Варонарос утвердительно кивнул.

Он вернулся домой. Жена сварила ему кофе. Ее удивил его хмурый вид.

— Куда ты таскался ни свет ни заря? — спросила она.

— Дела, — ответил он односложно.

Его жена, так же как братья и сестры, не сочувствовала тем, у кого на службе он состоял. Но родственники относились к нему снисходительно, зная, как трудно заработать деньги, к тому же, не имея разрешения на торговлю, он вынужден был выплачивать определенную долю вдове Загорьяну, владелице ларька.

Около восьми Варонарос пришел на рынок и там, стоя за прилавком, то и дело с нетерпением поглядывал на большие уличные часы. Он неточно взвешивал фрукты, неверно давал сдачу. Ровно в десять он закрыл ларек и поехал на автобусе в больницу АХЕПАНС. Там он попросил разрешения повидать депутата Георгоса Пирухаса, четвертое отделение, тридцать вторая палата, но ему ответили, что больного осматривает врач и что придется подождать. По той же самой причине в вестибюле сидел и ждал Следователь. Варонарос его не знал и не обратил на него никакого внимания. И Следователь тогда еще не знал Варонароса. Вскоре сестра милосердия пригласила их пройти к больному.

Войдя в палату, Варонарос разразился негодующей речью. Он заявил, что не имеет никакого отношения к фотографии, напечатанной сегодня в афинской газете. Пирухас и Следователь в недоумении уставились на него.

— В какой газете?

— Не знаю, как она называется. Да та, что пришла из Афин. Я там с корзиной, зажатой между ногами, смахиваю на гангстера. Грамоте я не обучен, — продолжал он с жаром. Второй класс начальной школы не кончил, и заголовки в газетах читаю по слогам. Поэтому я сроду газет не покупаю. Но сегодня, ровно в десять, мимо моего ларька проходил газетчик. «Не знал я, что ты хулиган», — сказал он мне с укором. «Это я хулиган?» — с удивлением спросил я. Тогда он достал какую-то газету из связки, что держал под мышкой, развернул ее и сунул мне под нос мою фотографию. Я прямо обомлел. В первый раз довелось мне видеть себя в таком жалком виде... Парень тот работает в агентстве печати Куцаса, у него киоск на углу улиц Венизелоса и Эгнатия.
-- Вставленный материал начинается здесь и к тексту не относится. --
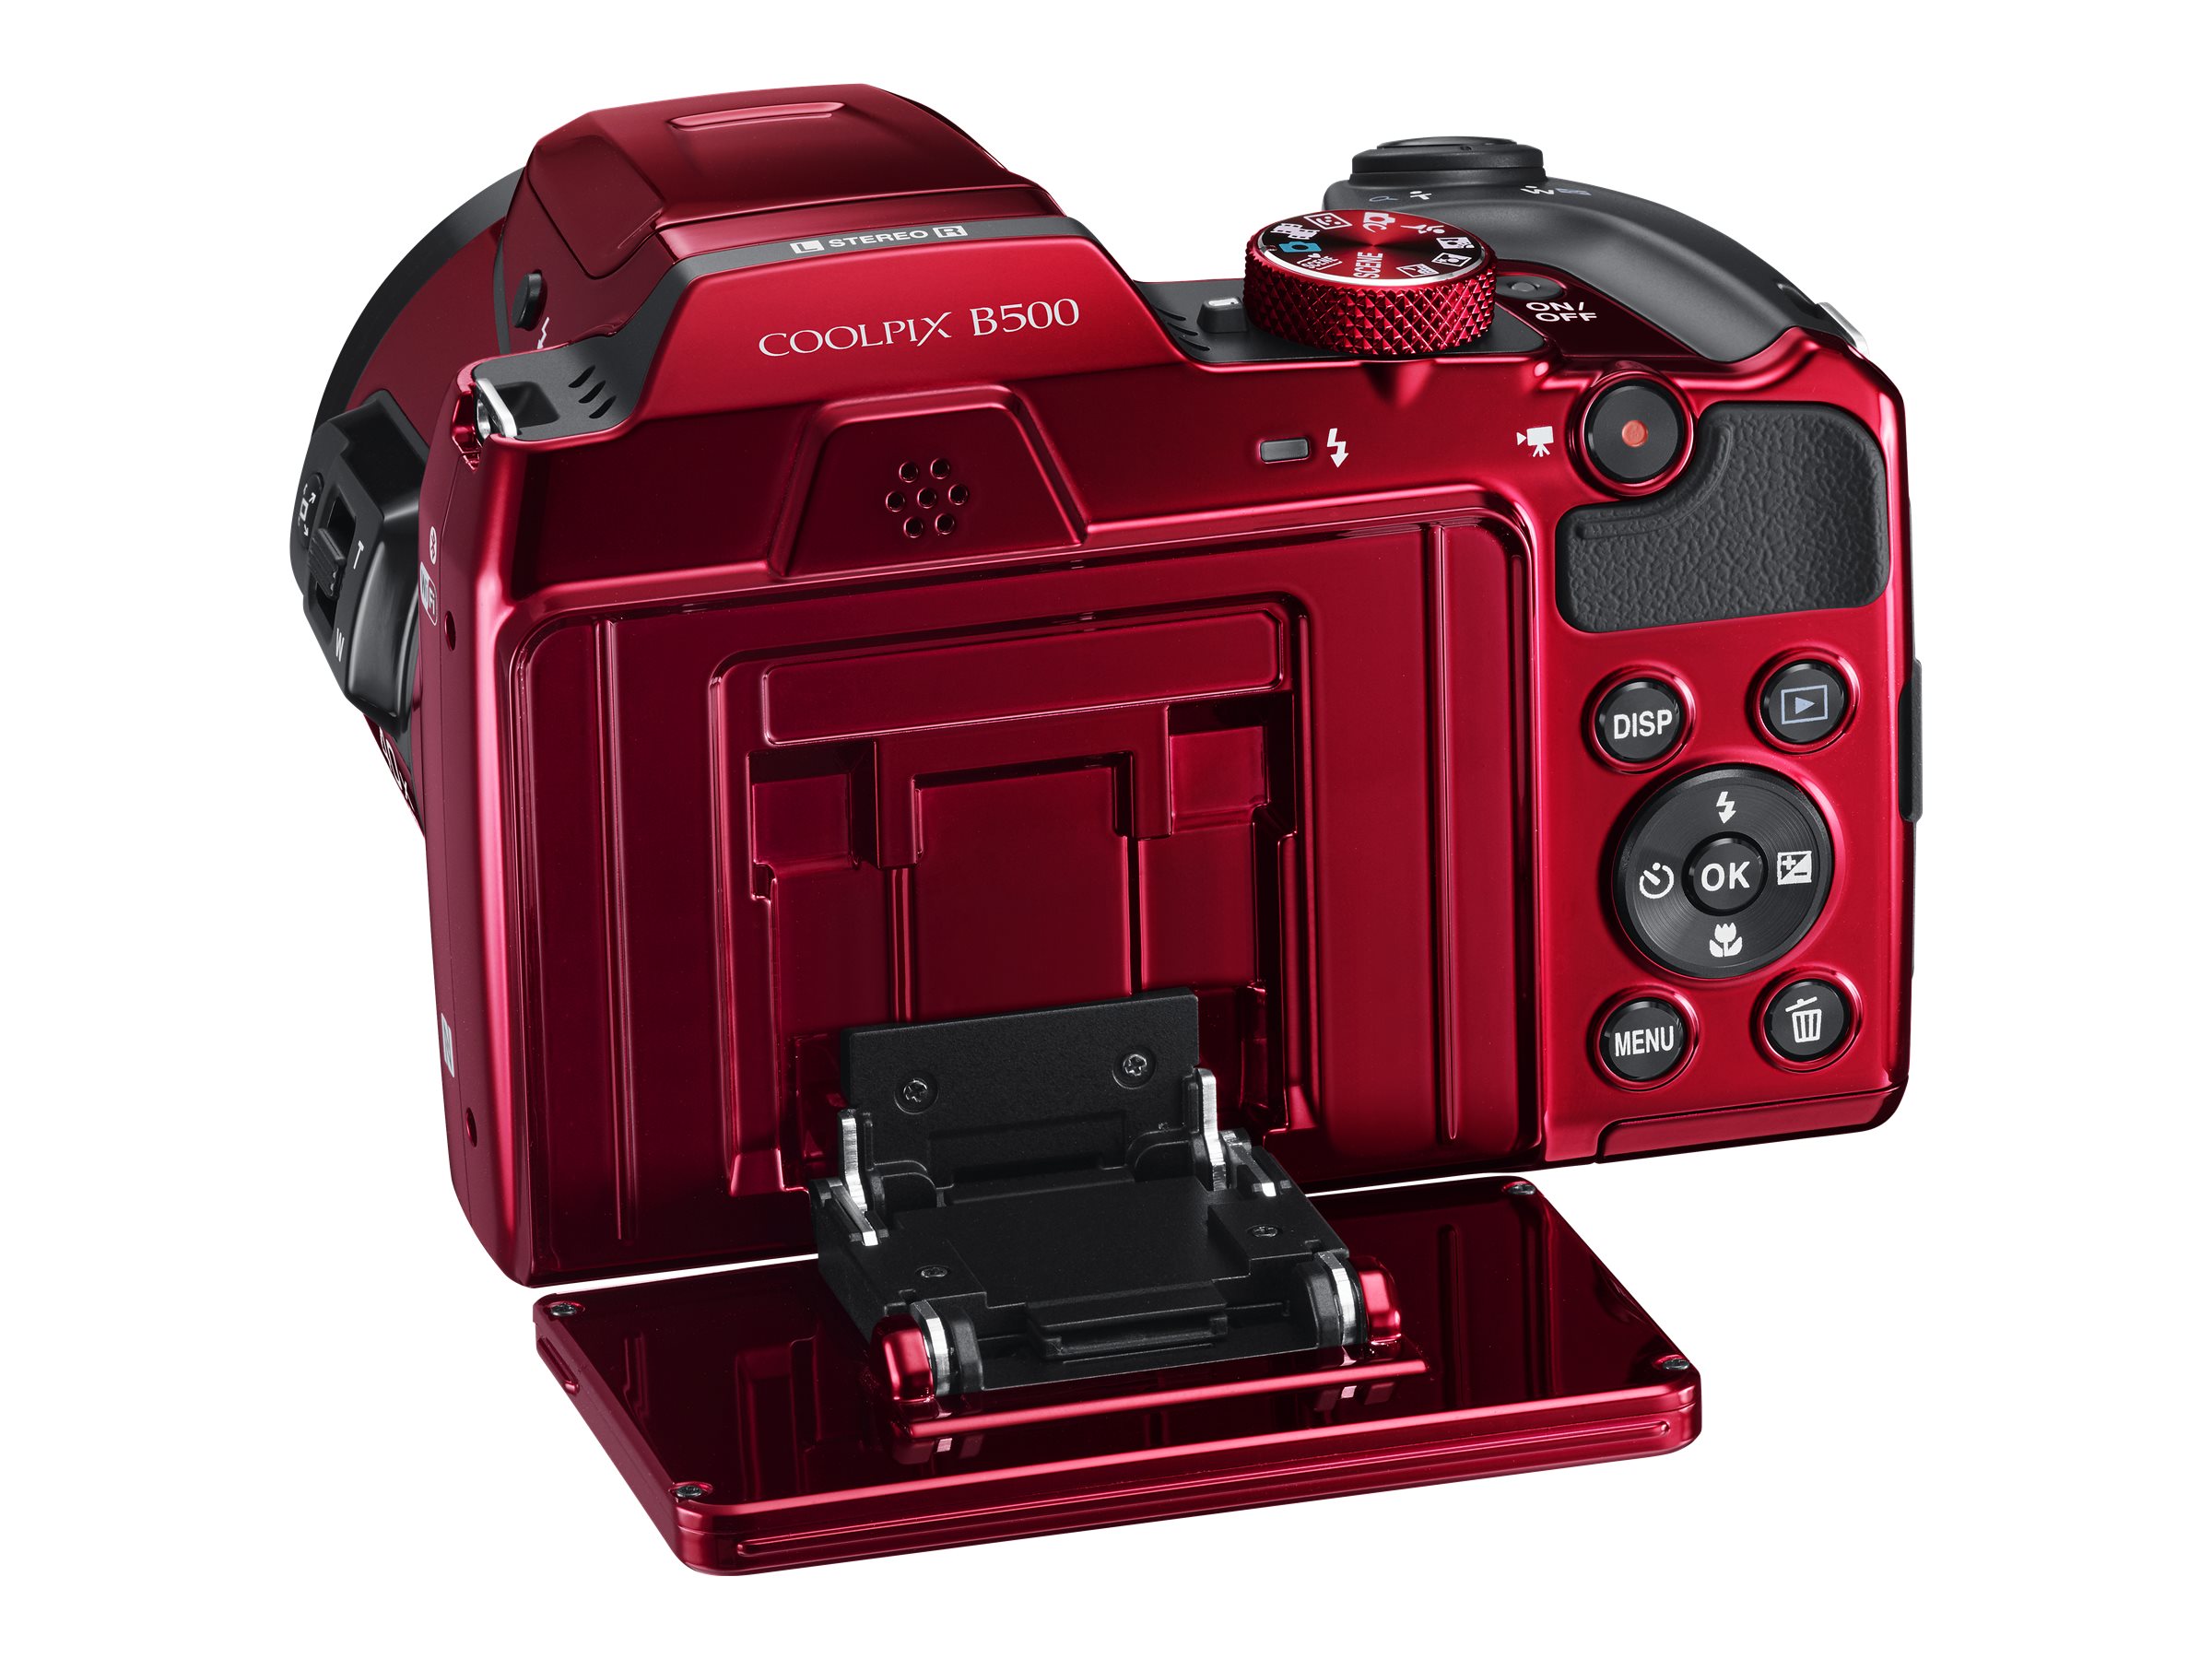 Nikon Red COOLPIX B500 Digital Camera with 16 Megapixels and 40x Optical Zoom - image 9 of 11

Каждый день утром проходит он мимо меня, и мы всегда здороваемся... Я тут же побежал к своему брату — он человек грамотный, рассказал ему все в подробностях, и он посоветовал мне обратиться в Главное управление безопасности и узнать там, где вы находитесь. Я так и сделал, а потом приехал сюда. Ну, так вот, господин Пирухас, я тебя вижу впервые. Как это ты берешься утверждать, что видел меня раньше?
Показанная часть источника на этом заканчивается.